Equus Mining Limited heeft uitstekende goud- en zilverboorresultaten aangekondigd na het verzamelen en opnieuw loggen van historische boorgegevens van een zeer interessante zone met de naam Pegaso VII Target op haar Cerro Bayo Project, dat voor 100% in eigendom is. Dit werk heeft een reeks zeer prioritaire boordoelen aan het licht gebracht langs een adergang met een breedte van ongeveer 450 m en een lengte van 1,4 km, gelegen op 2,5 km ten noordoosten van de verwerkingsfabriek van Cerro Bayo. Geplande vervolgboringen van in totaal 2.500 m zullen de geometrie en continuïteit van hoogwaardige mineralisatie testen over een verticaal interval van +250 m, zowel langs de lijn als op diepte, in een +400 m lang deel van de Pegaso VII-adercorridor.

Aangezien tegelijkertijd een groot deel (ongeveer 75%) van de historische boorkernen niet is geanalyseerd, en recente herlogging belangrijke niet bemonsterde boorkernintervallen met adervorming heeft gedefinieerd, is een gedetailleerd programma van historische boorkernen in uitvoering. Het Pegaso VII-doel bevindt zich 2,5 km ten noordoosten van de infrastructuur van de Cerro Bayo-fabriek en ligt 1 km in een subparallelle noordwestelijke trend van de gedeeltelijk geëxploiteerde Coyita-mijn (ongeveer 140kOz AuEq1 @ 6,6 g/t AuEq1 in mijnproductie/resterende NI 43.101-bronnen 2). De aders die tot nu toe in het Pegaso VII Target zijn vastgesteld, bevinden zich voornamelijk in de voetwal ten opzichte van de zuidoostelijk hellende Appaloosa-breuk.

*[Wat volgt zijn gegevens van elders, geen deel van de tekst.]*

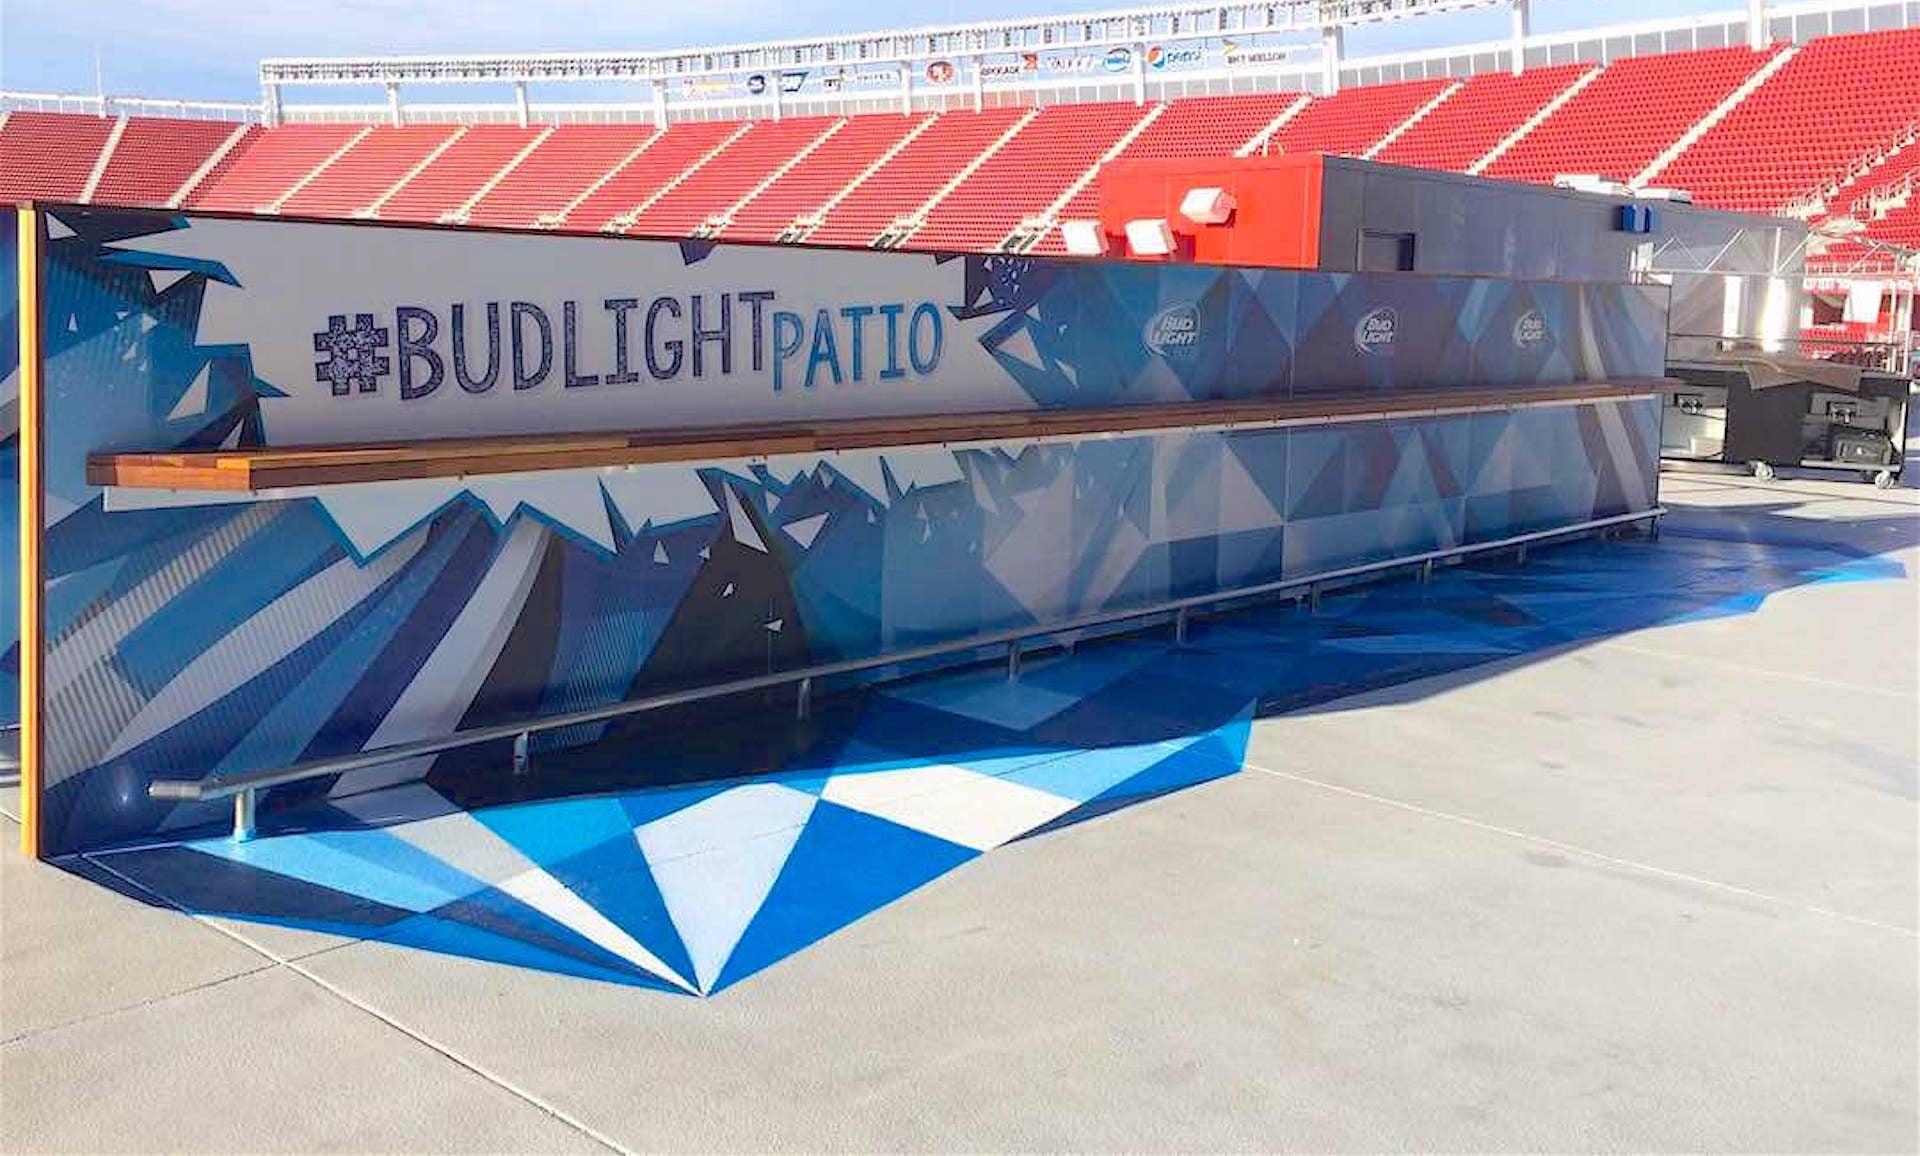 Commissioned Floor Mural for GPJ | Levi's Stadium, Santa Clara USA, 2015

In het Pegaso VII doel werd in totaal 14.134,67 m in 64 gaten geboord door vorige exploitanten, te beginnen in 2004 en waarvan het merendeel (>90%) vóór 2013 werd voltooid. Historische boorgatgegevens zijn opgenomen in JORC Tabel 1 en gedetailleerde resultaten3 van deze boringen zijn opgenomen in Bijlage 1. Historische boringen in het Pegaso VII-doel waren over het algemeen gericht op een 450 m brede en 1400 m lange corridor met een reeks subverticale aders die in kaart zijn gebracht en geïnterpreteerd aan de hand van boorkernen, voornamelijk langs noord-zuid- en noord-noordwestelijke trends. Een groot deel van de historische boringen was geconcentreerd in de zuidelijke 400 m van deze corridor, waar over een verticaal interval van +250 m hoogwaardige mineralisatie werd aangetroffen.

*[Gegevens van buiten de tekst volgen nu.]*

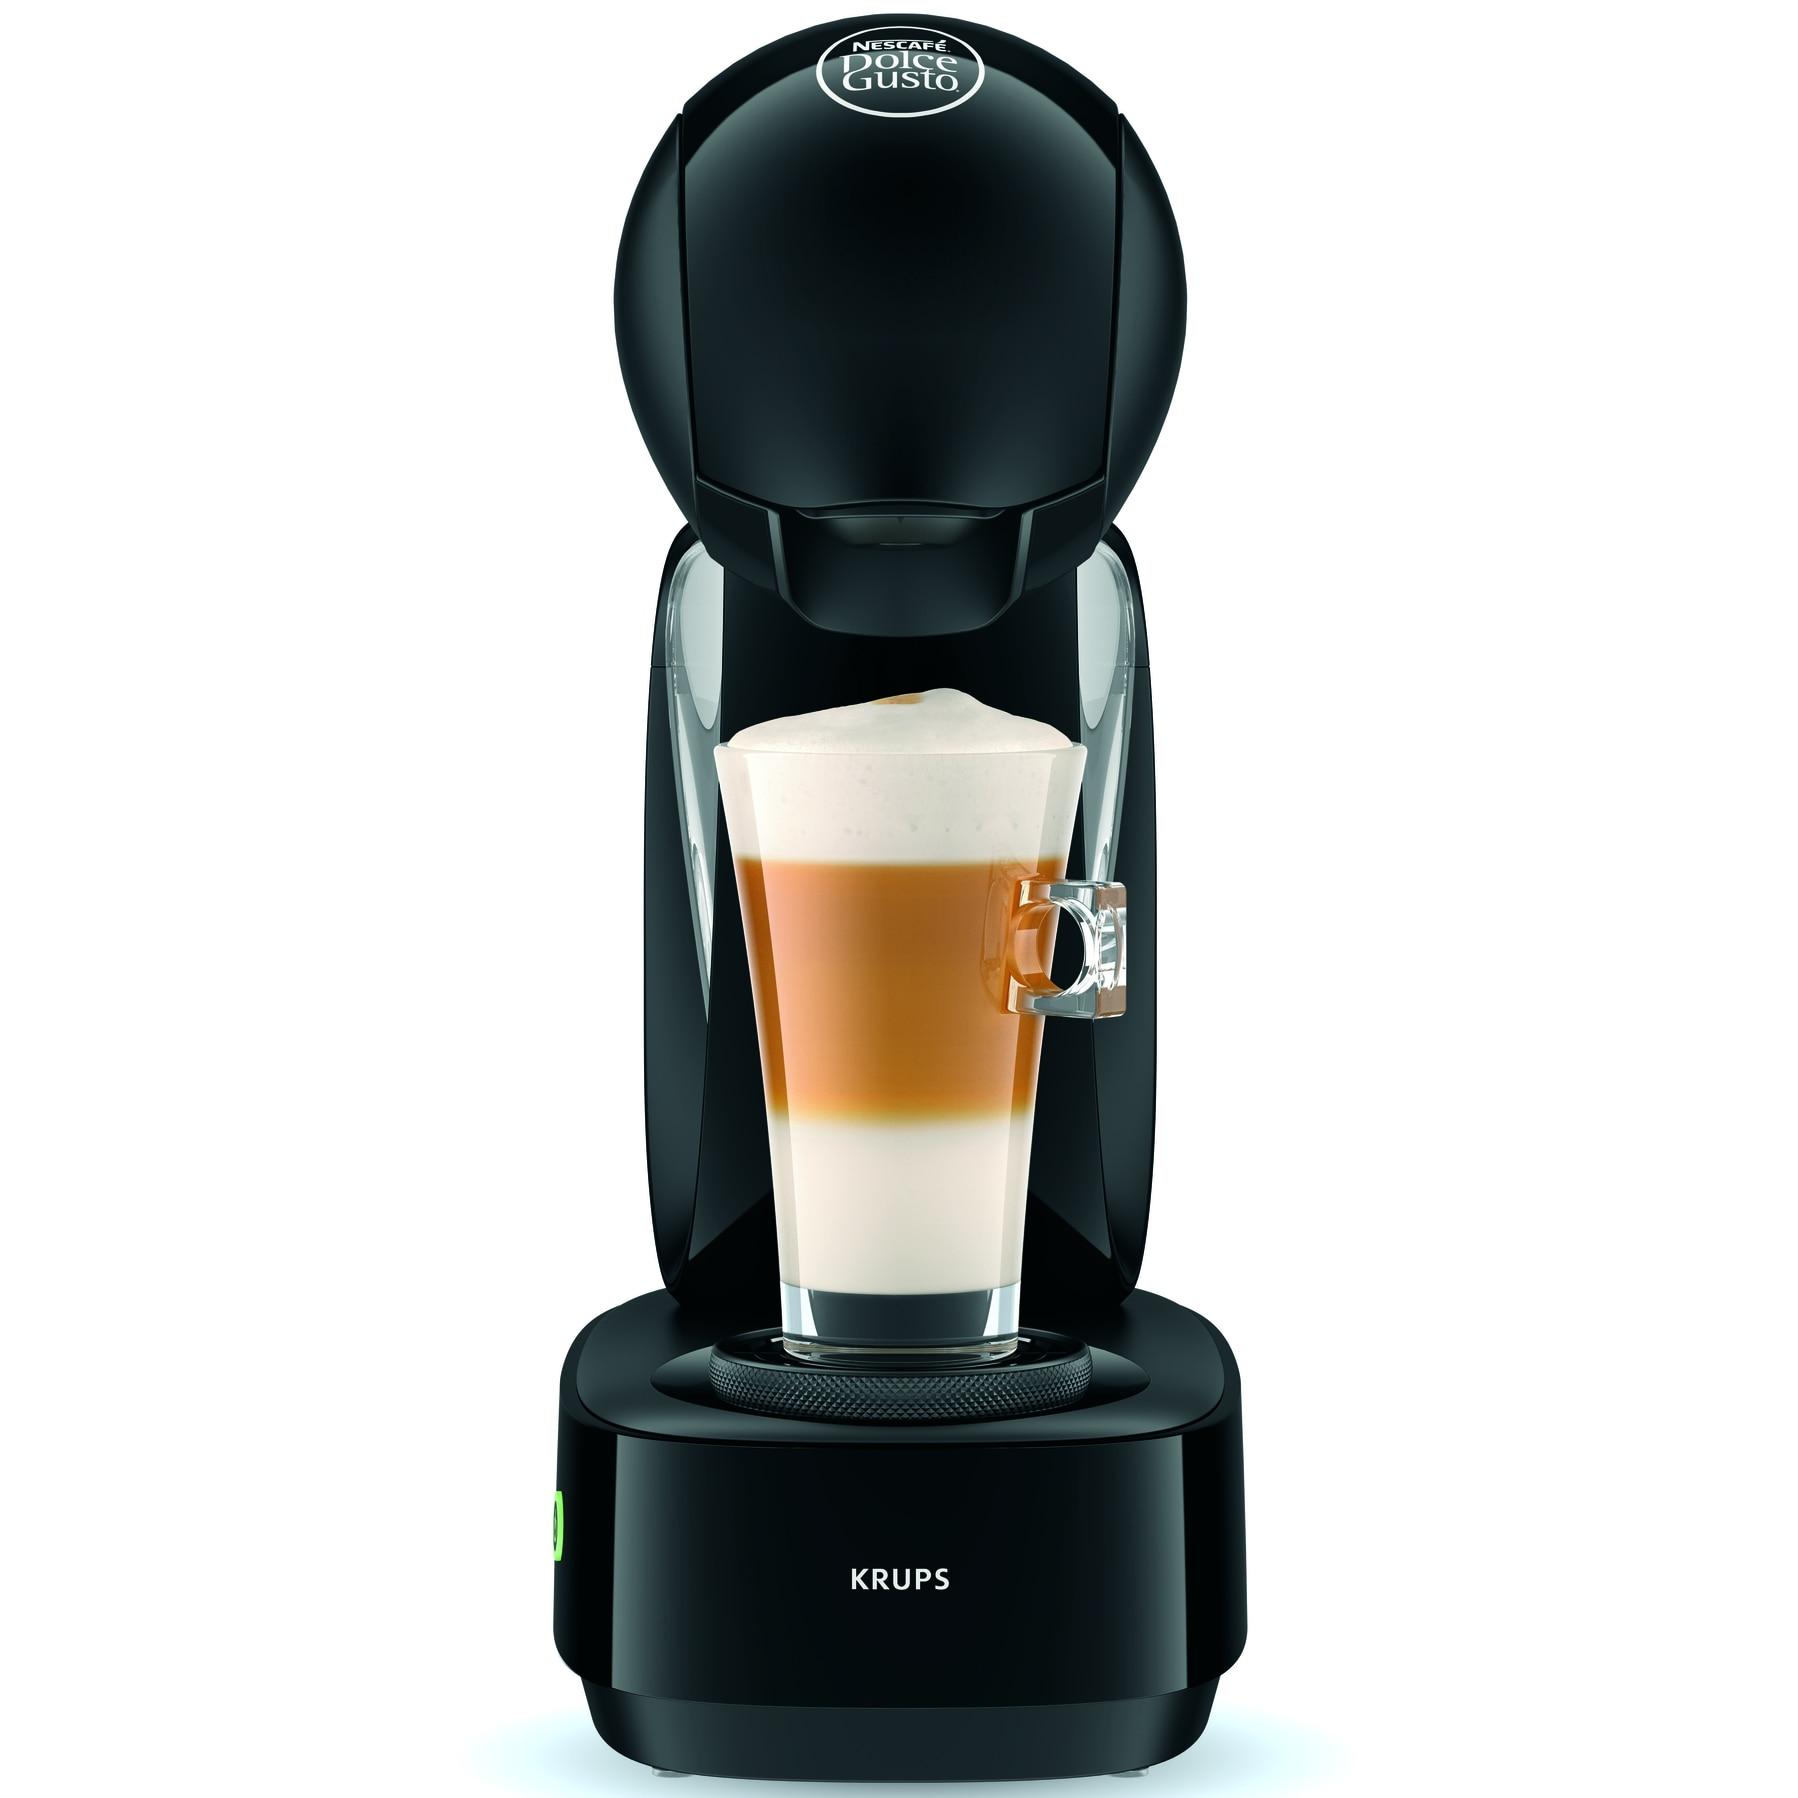 Krups KP130831 Dolce Gusto® Lumio eszpresszó kávéfőző, 1600W, 15 bar, 1 literes víztartály, Fekete eMAG.hu

De bovengenoemde hoogwaardige resultaten komen over het algemeen overeen met zwak gebandeerde en verbrokkelde afzonderlijke aders met een breedte van 0,3-0,8 m, die gewoonlijk worden omgeven door zones van stapeladers en verbrokkeling met een breedte van 1-5 m. Recente eerste herlogging van de historische boorkern heeft significante intervallen van niet-gebemonsterde boorkern vastgesteld waarin zich ader- en brecciatiestructuur bevindt. Aangezien een groot deel van de historische boringen (75%) niet is geanalyseerd, wordt een systematisch programma van herlogging en bemonstering uitgevoerd om na te gaan of er nog meer kernintervallen zijn waarin zich mineralen bevinden die de definitie van bredere adergeometrieën kunnen ondersteunen.